I am trusting my instincts on what I should eat in order to get back on track rather than following a strict set of calorie limits and I am trusting that what's in the mirror is repulsively enormous.
Doesn't mean I'm not still counting tho.
Today I've had a low cal vegetable curry at 340cals (although I actually didn't finish the rice) and a sugar free red bull which makes 347.5cals.
I actually feel pretty full and bloated right now as I've just eaten but if I purge I'll be hungrier later and then I'll eat more and nobody wants that.
I'm going clubbing tonight with my friend and loads of her friends that I don't know.
I'm not going to enjoy it and I know I'm not.
My limit is 4 drinks, I would say 4 vodkas but we're going to wetherspoons first and we're still drinking our way through the menu.
I've decided to give myself a casual week off weighing myself and just do it on Wednesday.
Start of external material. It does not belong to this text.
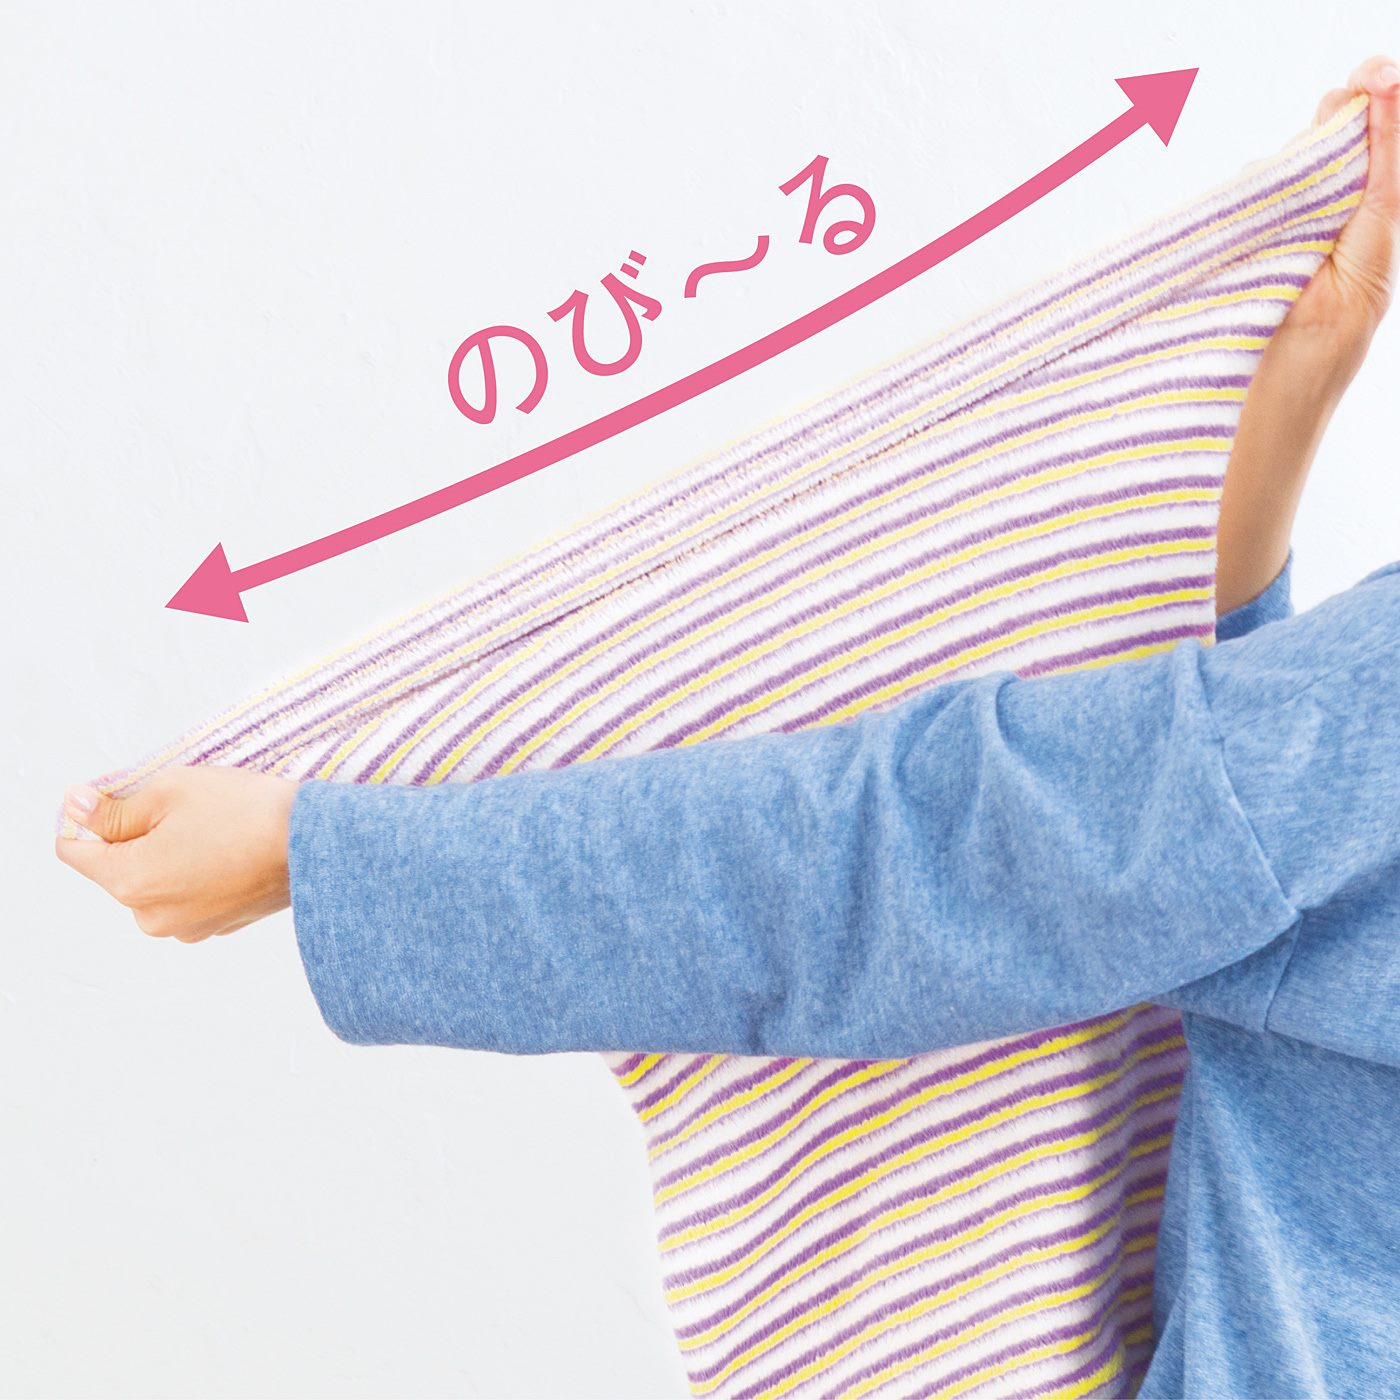 伸縮性にすぐれた生地を使用しているから、いろいろなサイズの枕にフィットします。

Maybe there is still some hope of being 46 by Christmas?
I doubt it tho.
I've written a last week of term emergency sort your life out plan for myself, and on the first day of next term I am going to start ABC as I know I won't stay on track if I start it when I'm at home. I'm looking at the new term as a fresh start, work-wise as well.
I am however going to fucking behave myself as much as possible over the holidays, I plan to fast on the 23rd and then have 3 'days off' although really this means I am going to try and just eat when I'm hungry and not in excess of that on Christmas Eve, try to restrict for most of Christmas day but allow myself Christmas dinner and then the same thing again the next day at my friend's house and then fast again on the 27th.
I think actually just straight up fasting when I'm at home mostly might work better than just eating small amounts? Because once I'm in the kitchen that's the end of it. I'm going to have to learn some control before the holidays. Why is it so hard?
Anyway, that's enough ranting, time for a shower.


I own both those pairs of tights,
wish I looked that skinny in them.
xxx
3 comments:
i bet you look foxy in those tights! those are hot for sure!thanks for all your support, much love
come on, you can be 46 by Christmas, don't say you can't; you know you can do it if you really want, just give it a try :) holidays are really bad season for staying on track, but think of Christmas as a reward for all the good work and all the weight you've lost rather than a punishment... we'll get back to business afterwards!
Stay strong, love.
Lu.
i totally relate with trusting yourself on what you should eat. i'm sure the body knows it well. and it's definitely the problem of staying at home... close to kitchen ... gwaaad that's what always happens to me on week ends. if you have plenty of food 10 meters away it's so hard not to touch it. i wonder if this urge will ever go away. even when i'll be skinny...
and there's plenty of time till christmas, you can loose that kilo!